Menandai perjuangan bangsa indonesia membebaskan Irian Barat, pemerintah membangun Tugu
Pembebasan Irian Barat di Lapangan Banteng Jakarta. Gagasan kreatif datang dari Presiden Soekarno
yang kemudian sktesanya dibuat oleh Henk Ngantung dan kemudian didesain oleh pematung
ternama asal kota Yogyakarta, Edhi Soenarso. Pastung terbuat dari perunggu dengan berat tak
kurang dari 8 ton. Tingginya 9 patung dari kaki sampai kepala mencapai 9 meter, dan jika diukur
samopai ke ujung tangan mencapai 11 meter. Tinggi dari patung dari landasannya mencapai 25
meter.

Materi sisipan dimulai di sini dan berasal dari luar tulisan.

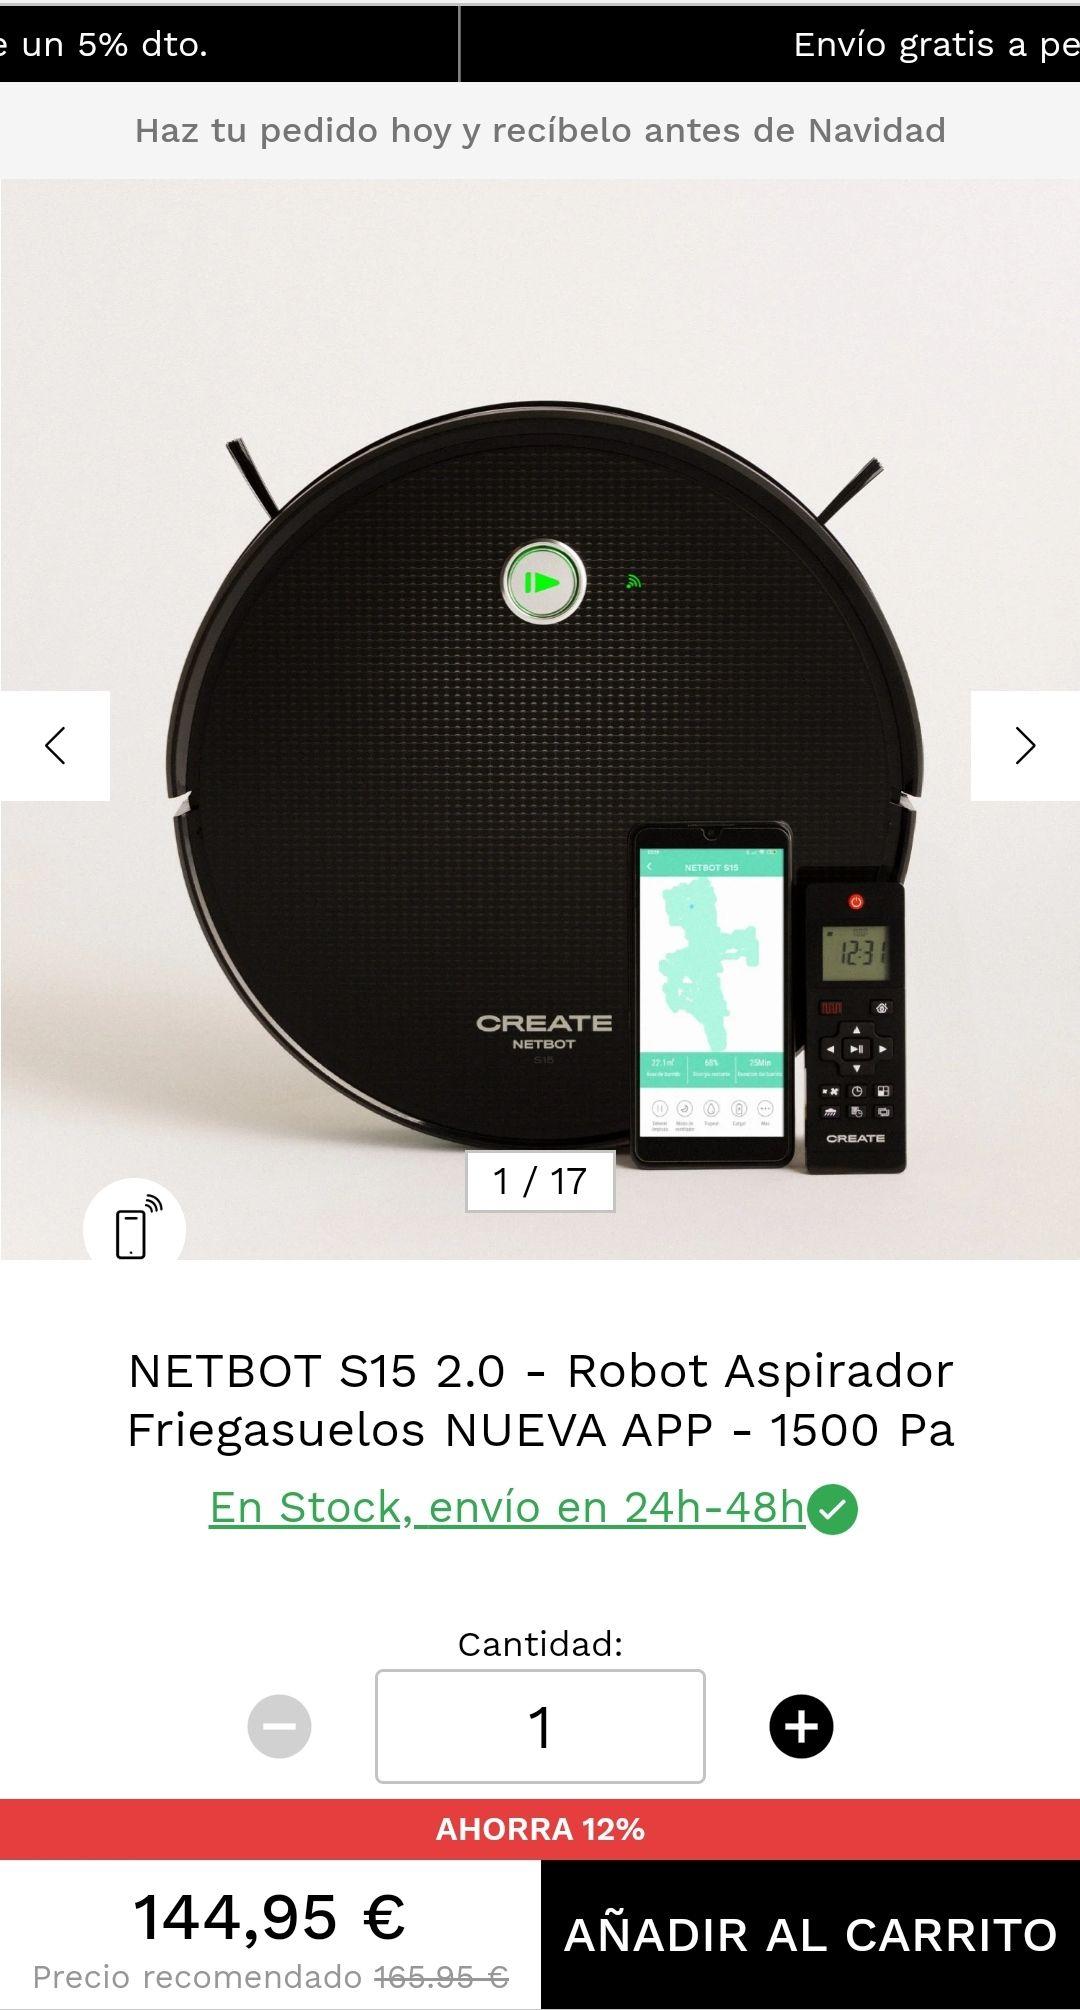 Robot aspirador y friega suelos IKHOS netbot S15 2.0
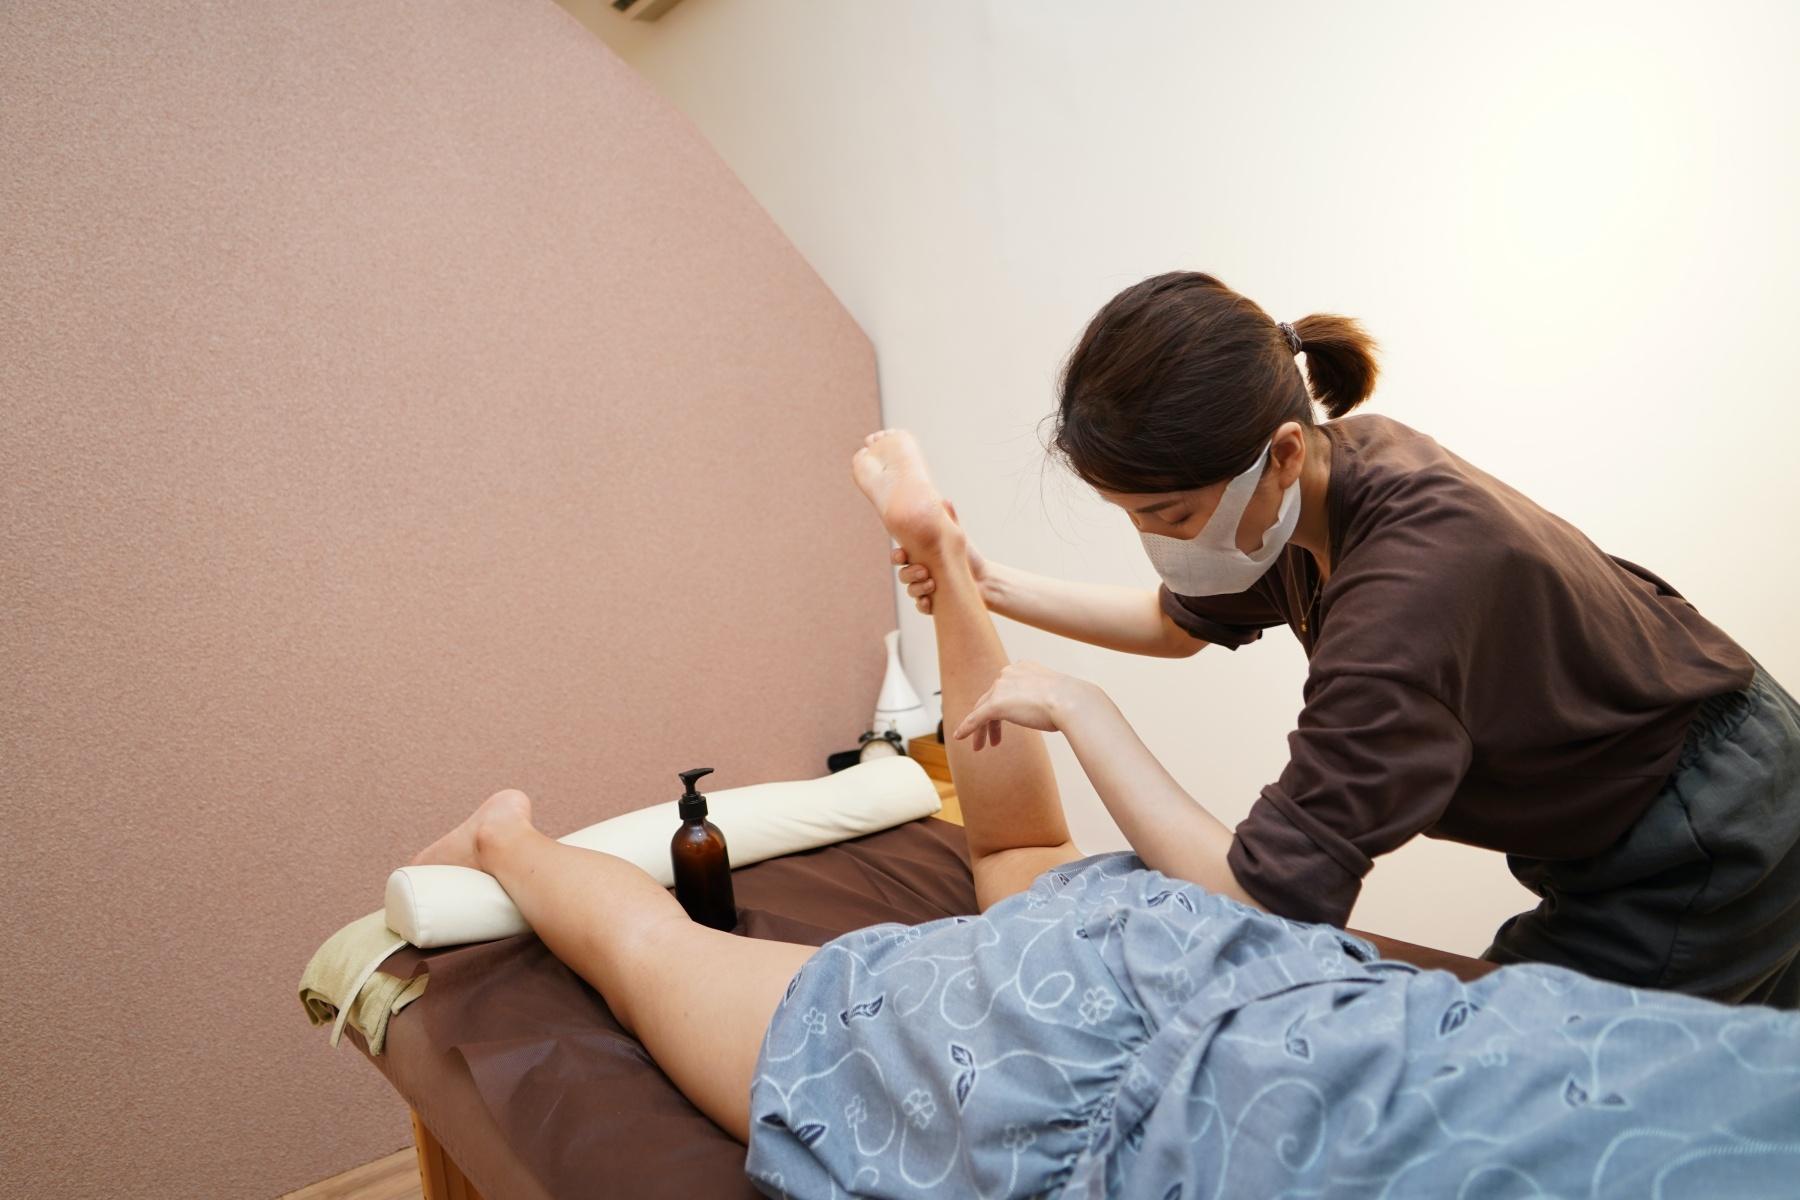 【Changa運動按摩評價】痠痛緊繃就交給他!貼心個人按摩師打理你的肌肉大小事

Pekerjaan konstruksi digarap oleh PN Hutama Karya dengan arsiteknya F. Silaban. Patung
diresmikan oelh Bung Karno tepat pada hari Kemerdekaan RI tanggal 17 Agustus 1963.

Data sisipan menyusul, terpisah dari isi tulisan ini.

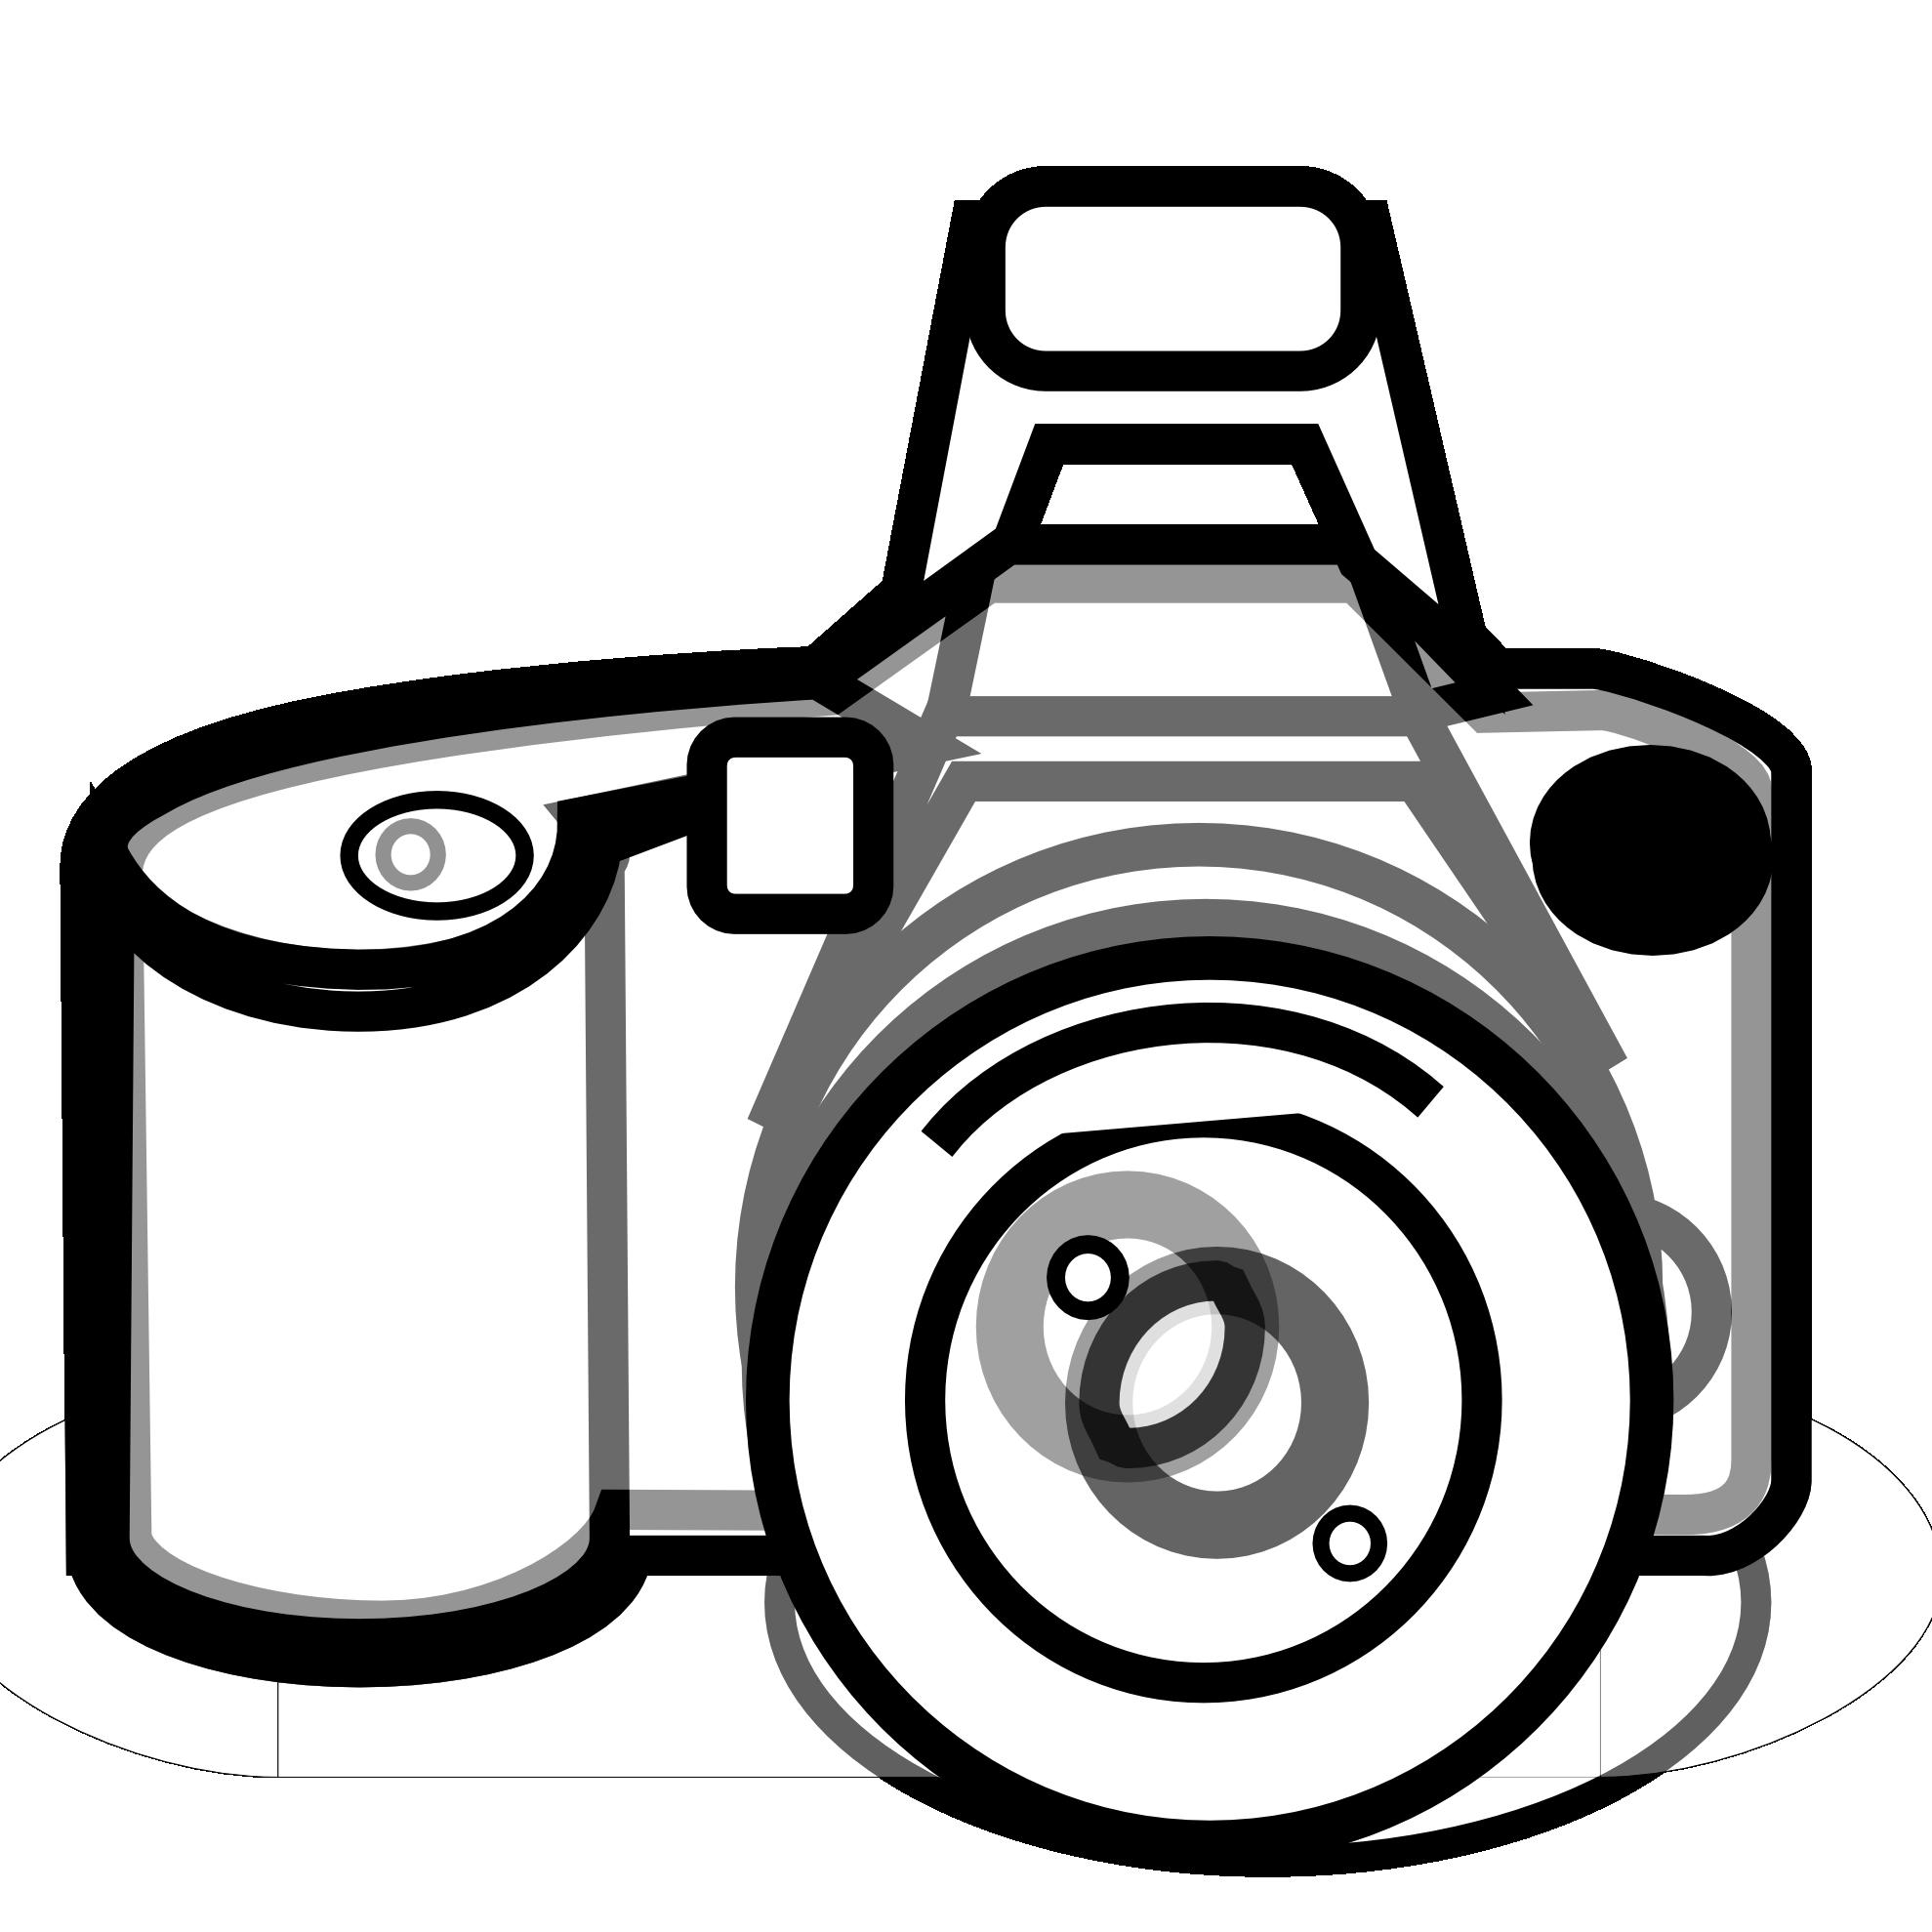 Canon Clipart - Cliparts.co

Jika Bung Karno menandai peristiwa bersejarah ini dengan monumen, maka Pak Harto bersama-
sama dengan tokoh Trikora seperti Mayor CKH Achmad Parwis Nasution, BCHK, Mayor Udara Sugiri,
Kolonel Laut Marwidji, Kolonel Inf Munadi, Ny Jos Sudarso, Brigjen Achmad Tahir, Komodor Udara
Wiriadinata, Kolonel Inf Sunggoro, dan Mayor Inf Matradji menandainya dengan mendirikan
sebuah yayasan yang diberi nama Trikora. Yayasan Trikora didirikan pada tanggal 2 Mei 1963
bertepatan dengan Hari Pendidikan Nasional. Pak harto mengenang awal pendirian yayasan Trikora
dengan catatan sebagai berikut: “Mengusahakan dan memberikan bantuan beasiswa bagi anak
yatim dan anak yatim piatu dari para anggota Angkatan Bersenjata dan lain-lain, yang telah gugur,
mengorbankan jiwa dan raga dalam pelaksanaan tugas pembebasan Irian Barat dalam rangka Tri
Komando Rakyat,” demikian pernyataan visi dan misi Yayasan tersebut. “Selesai Trikora saya minta
bantuan kepada Bung Karno. Saya katakan kepada beliau, saya akan bertanggung jawab atas uang
itu. Lantas saya mendirikan Yayasan Trikora itu, dengan mendapatkan bantuan sebesar Rp. 30 juta
dari Bung Karno pada tahun 1962.” Yayasan Trikora berhasil memenuhi visi dan misinya, sejak tahun
1963 hingga 1993 tidak kurang dari 326 anak yang telah selesai menempuh pendidikan dari sejak
taman kanak-kanak sampai lulus perguruan tinggi. Inilah cara lain Pak Harto menghormati dan
menghargai jasa-jasa para pahlawan yang gugur membela dan memperjuangkan keutuhan Negara
Kesatuan Republik Indonesia.***

Tugu pembebasan Irian barat yang merupakan simbol keberhasilan Indonesia menyatukan kembali
wilayah Irian Barat ke dalam pangkuan NKRI. Dalam kaitan ini pada tanggal 15 Februari 1963
Administrasi Pos di Indonesia menerbitkan prangko seri amal “Tugu Irian Barat” yang terdiri atas 4
kopur. Prangko berukuran 22,3 X 38,6 mm yang didesain oleh Soeroso dan dicetak dengan teknik
rotogravure dalam dua warna oleh Pertjetakan Kebajoran.